Design your Landing Zone — Design Considerations Part 4— IaC, GitOps and CI/CD (Google Cloud Adoption Series)

Dazbo (Darren Lester)
Google Cloud - Community
10 min readApr 1, 2024

Welcome to LZ Design Considerations Part 4, where we’ll wrap up the Landing Zone Design Considerations. This is part of the Google Cloud Adoption and Migration: From Strategy to Operation series.

Previously, we covered LZ design decisions relating to monitoring, logging, billing and labelling. In this part, we’ll focus on all things related to automated infra and application deployment, using IaC, GitOps, and CI/CD.

12. IaC, GitOps and CI/CD Strategy

Darren’s quote of the day

Principles Recap

I recommended a number of principles in a previous article, called Cloud Adoption and Cloud Consumption Principles. I want to recap a couple here:

  • Automate deployments and installs
  • Immutable infrastructure

Let me review the rationale for these. In our legacy on-prem world, we had:

  • Fewer, larger machines.
  • Machines tended to built once, and rarely rebuilt.
  • VMs needed to be looked after.
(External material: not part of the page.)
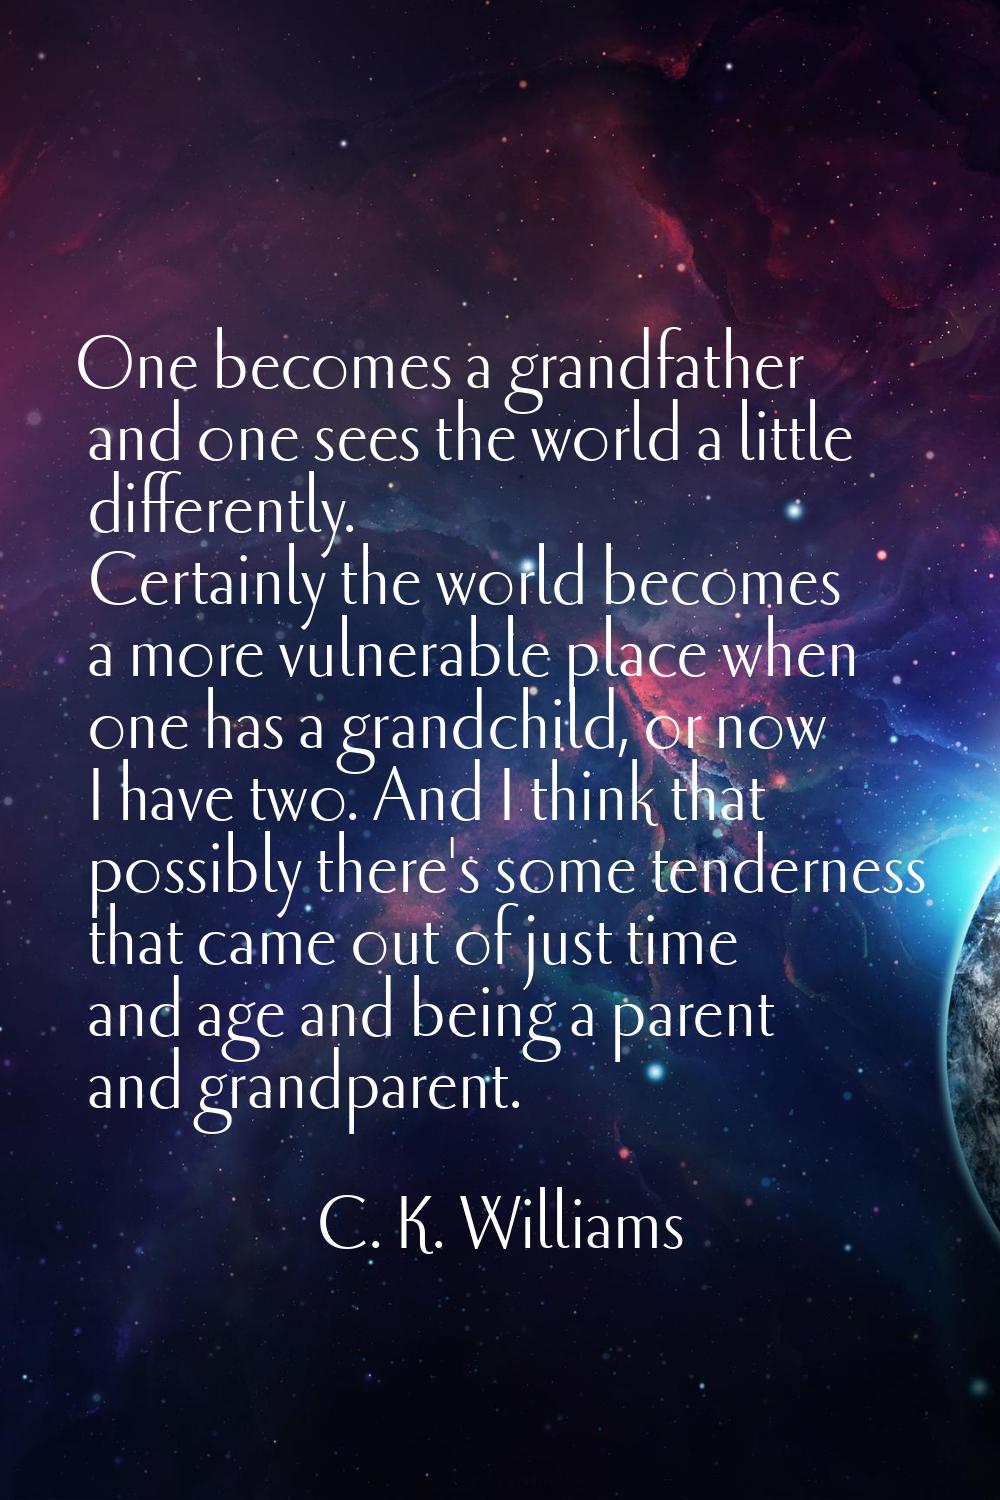 One becomes a grandfather and one sees the world a little differently. Certainly the world becomes

They were treated as pets.
  • We had limited scale and limited elasticity.
  • We had to care about the underlying physical hardware.

But now, in Cloud:

  • We have many, smaller machines.
  • VMs, applications and services tend to be rebuilt frequently. It’s more effective to replace poorly services, than to try to fix them. We treat them as cattle.
  • Applications are designed to be fault-tolerant.
  • We have virtually unlimited scale, and most services are extremely elastic.
  • We want services to scale down (or be turned off) when not in use.
  • For the most part, we don’t care about the underlying hardware.

So, we want our LZ to align to these principles. We need an automated, repeatable way to build immutable, replaceable infrastructure.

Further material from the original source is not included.